Скрытая модель Маркова следующие вероятности состояния
PSTATES = hmmdecode(seq,TRANS,EMIS)
[PSTATES,logpseq] = hmmdecode(...)
[PSTATES,logpseq,FORWARD,BACKWARD,S] = hmmdecode(...)
hmmdecode(...,'Symbols',SYMBOLS)
PSTATES = hmmdecode(seq,TRANS,EMIS) вычисляет следующие вероятности состояния, PSTATES, из последовательности seq, из скрытой модели Маркова. Следующие вероятности состояния являются условными вероятностями того, чтобы быть в состоянии k на шаге i, учитывая наблюдаемую последовательность символов, sym. Вы задаете модель матрицей вероятности перехода, TRANS, и матрица вероятности эмиссии, EMIS. TRANS(i,j) вероятность перехода от i состояния утверждать j.
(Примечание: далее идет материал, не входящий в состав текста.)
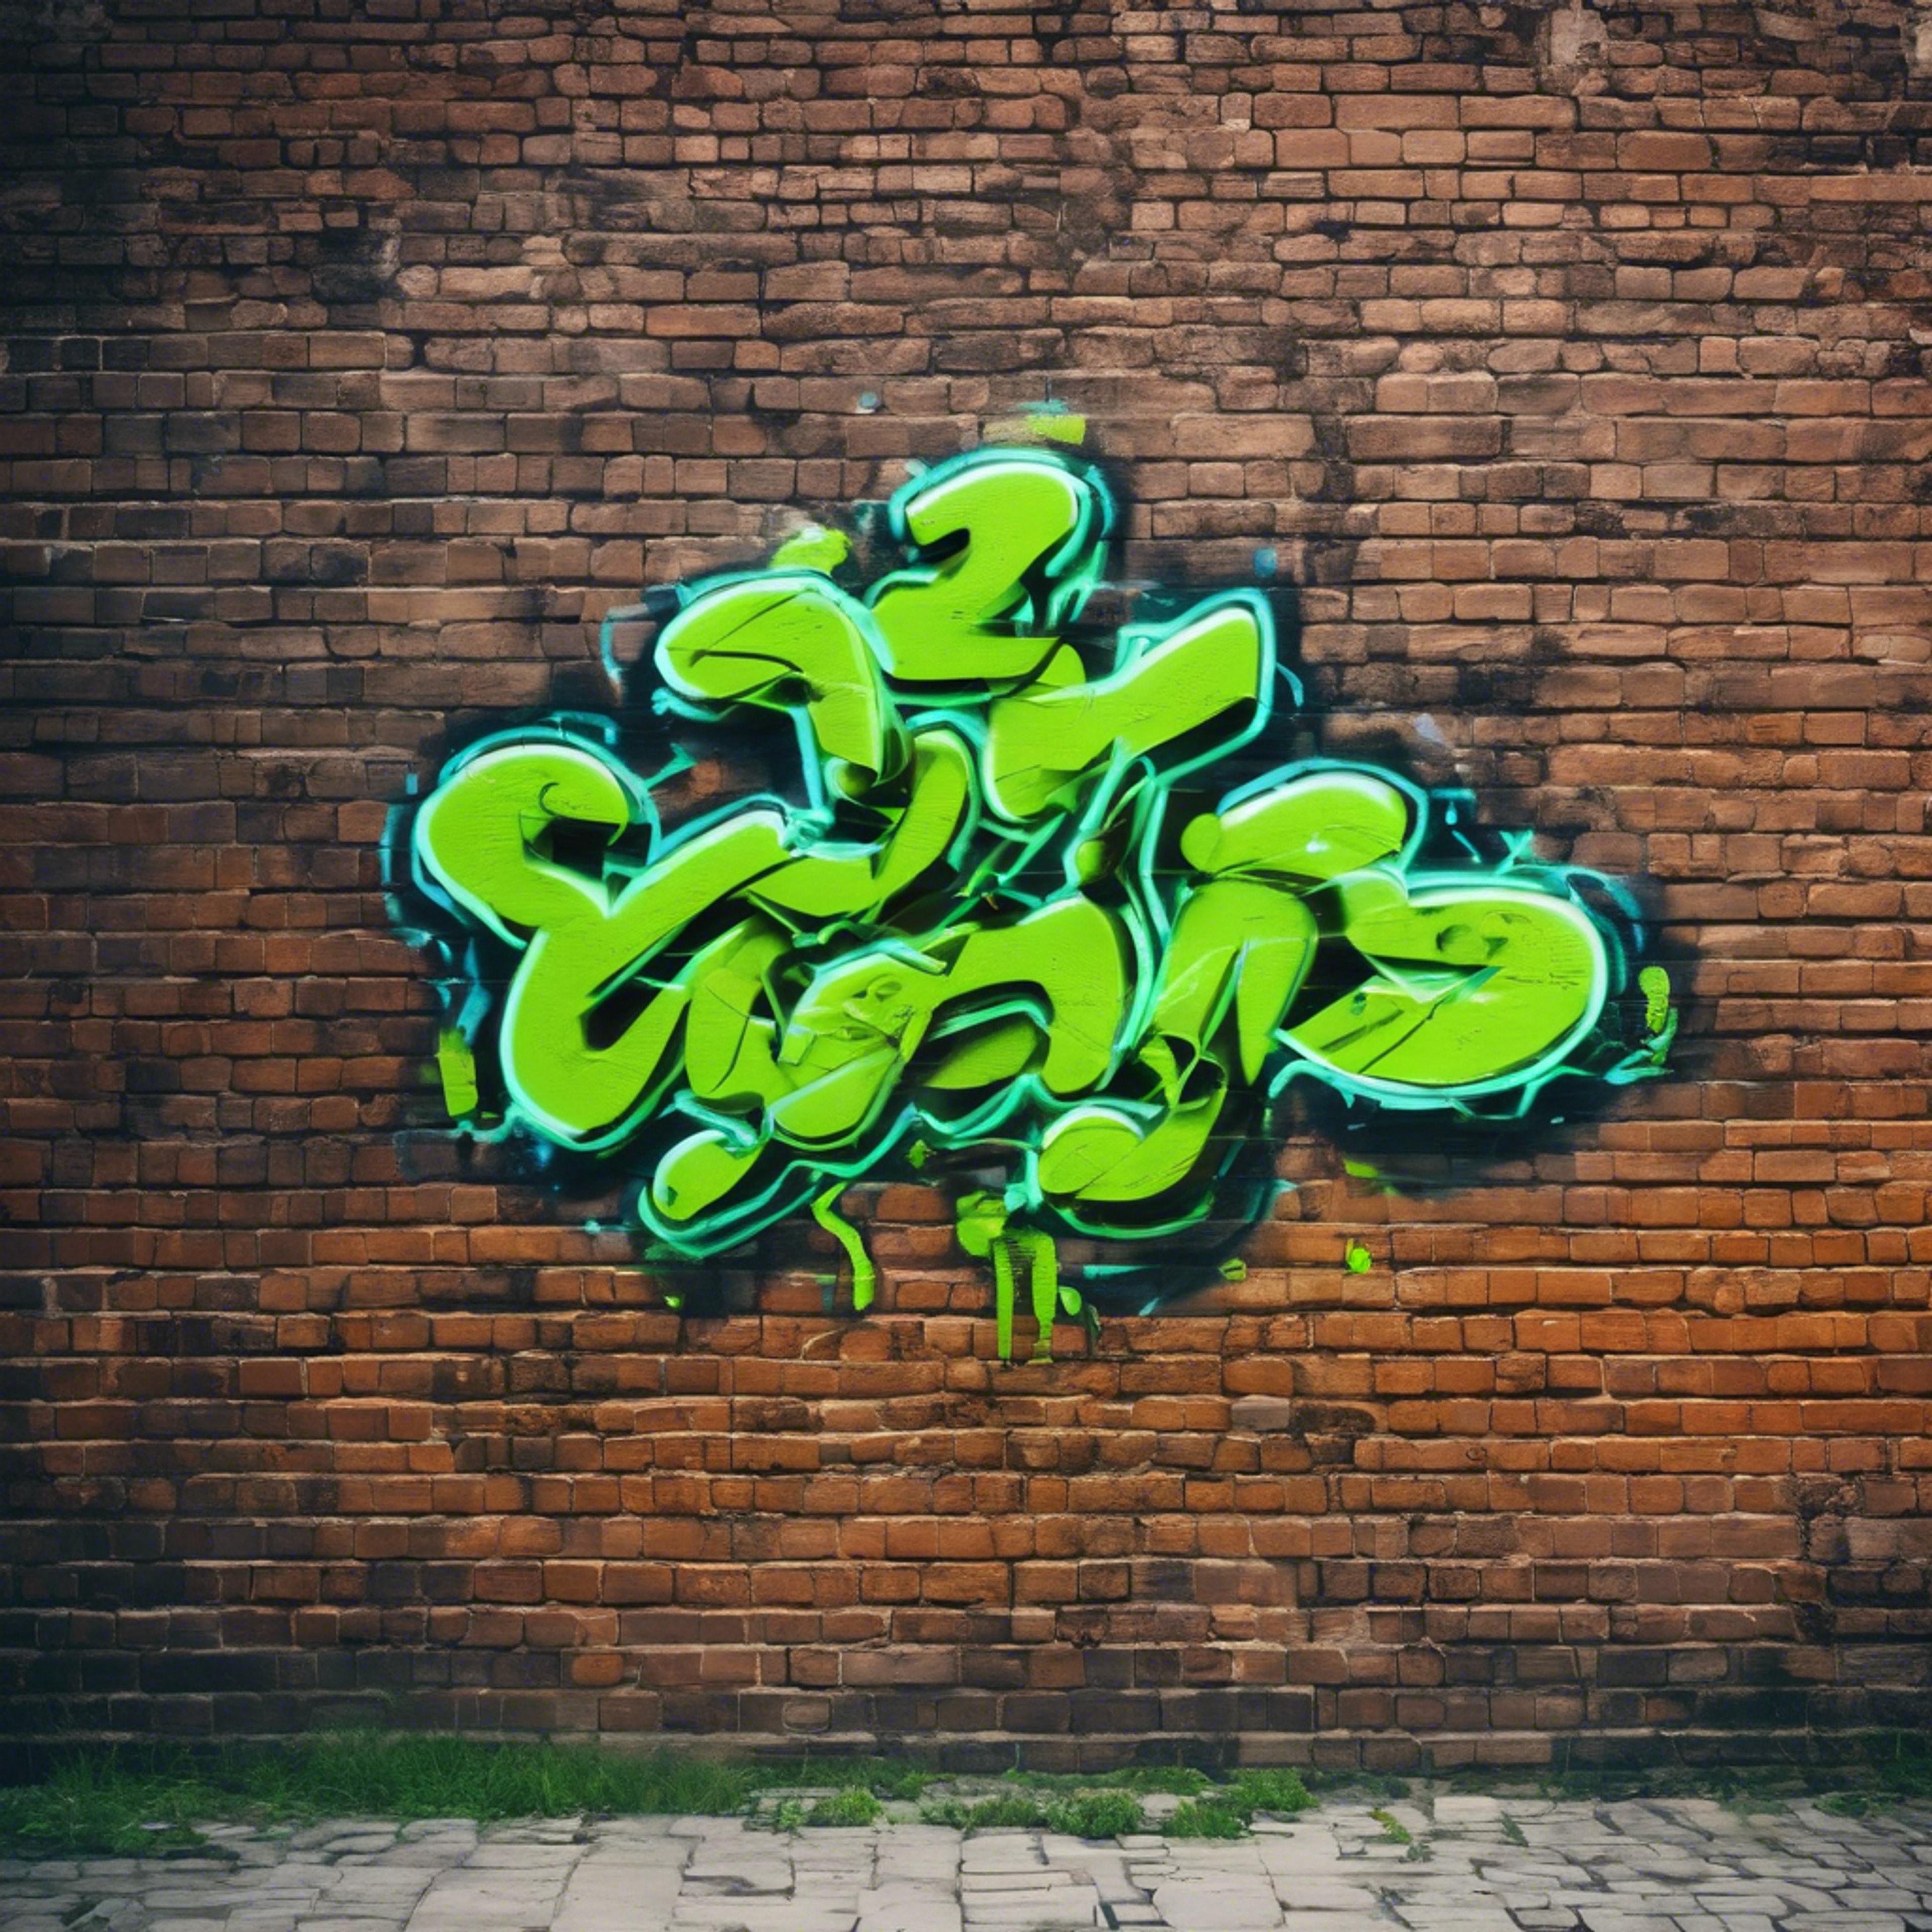 Cool neon green graffiti on an old brick wall in an urban setting. Tapet[8032604dbabf4a1691c6]

EMIS(k,seq) вероятность тот символ seq испускается от k состояния.
PSTATES массив с той же длиной как seq и одна строка для каждого состояния в модели. (i, j) th элемент PSTATES дает вероятность, что модель находится в i состояния в j th шаг, учитывая последовательность seq.
Примечание
Функциональный hmmdecode начинается с модели в состоянии 1 на шаге 0, до первой эмиссии. hmmdecode вычисляет вероятности в PSTATES на основе того, что модель начинается в состоянии 1.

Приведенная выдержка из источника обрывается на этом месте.